I'm sure if you cook a freshly killed human at the proper temperature, those viruses and parasites will also die from the heat.

Yum!

Answer 3

They do but if your talking specifically Bob and Garrett they cooked the meat first so it basically deleted the disease so they didn't turn, if that's what you're asking.

Answer 4

A few points:

1) The assumption that smashing someone in the head with a baseball bat doesn't destroy the brain doesn't make much sense. That's the whole reason getting smashed in the head with a baseball bat would kill you, is because that impact did enough damage to your brain that it didn't function anymore. The series uses melee weapons to the head as a fairly regular way to kill walkers.

...however, I'd point out that that's not relevant as well...because:

2) The virus doesn't kill. They all have it already.
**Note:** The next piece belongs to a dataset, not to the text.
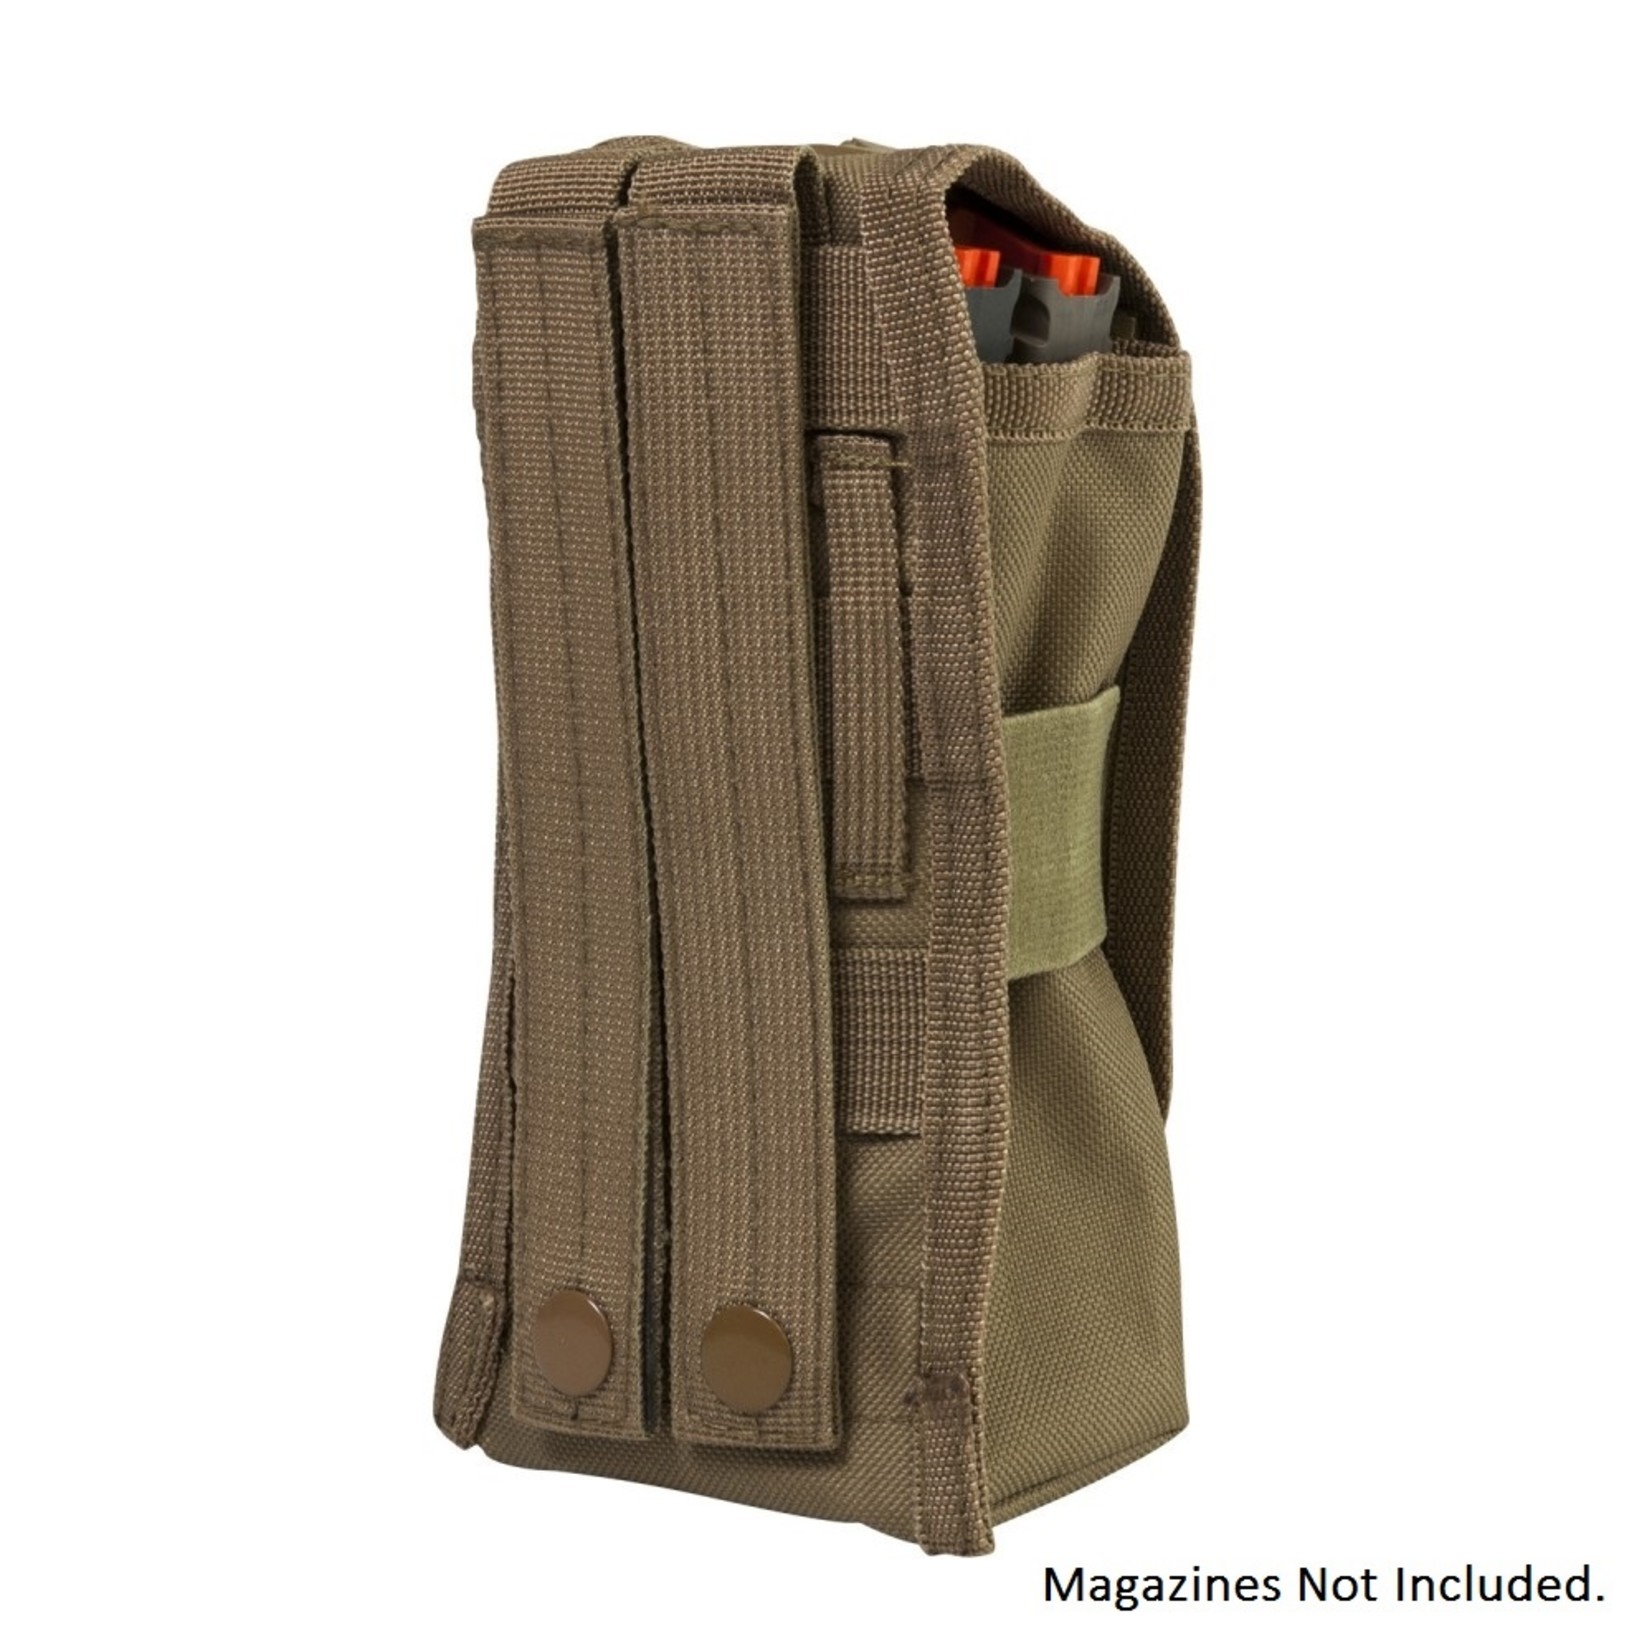 NcStar/Vism Vism 2 AR/AK Mags or Radio Pouch -

The virus only reanimates the nervous system of the dead, which has a tendency to rot pretty nastily, meaning you get a heck of a bacterial infection that kills you if you get bitten/scratched by walker (and presumably if you eat a nasty rotted one). Anything that stopped that bacterial growth (like we already do with butchered corpses of animals) would stop that meat from being dangerous, as the virus itself is not a danger to those that have it/contract it...only a danger to those that happen to be around them when it reanimates their dead body.

Yes, there are issues with this (Why are newly created walkers just as deadly as ones that have been rotting for a month? Why does getting walker gunk in your eyes not get you as infected as getting it in a scratch?) But these are the mechanisms of the story nonetheless, and those mechanisms would not make someone that ate properly cared for/cooked meat that happens to be infected with the same virus they already have anyway die from it.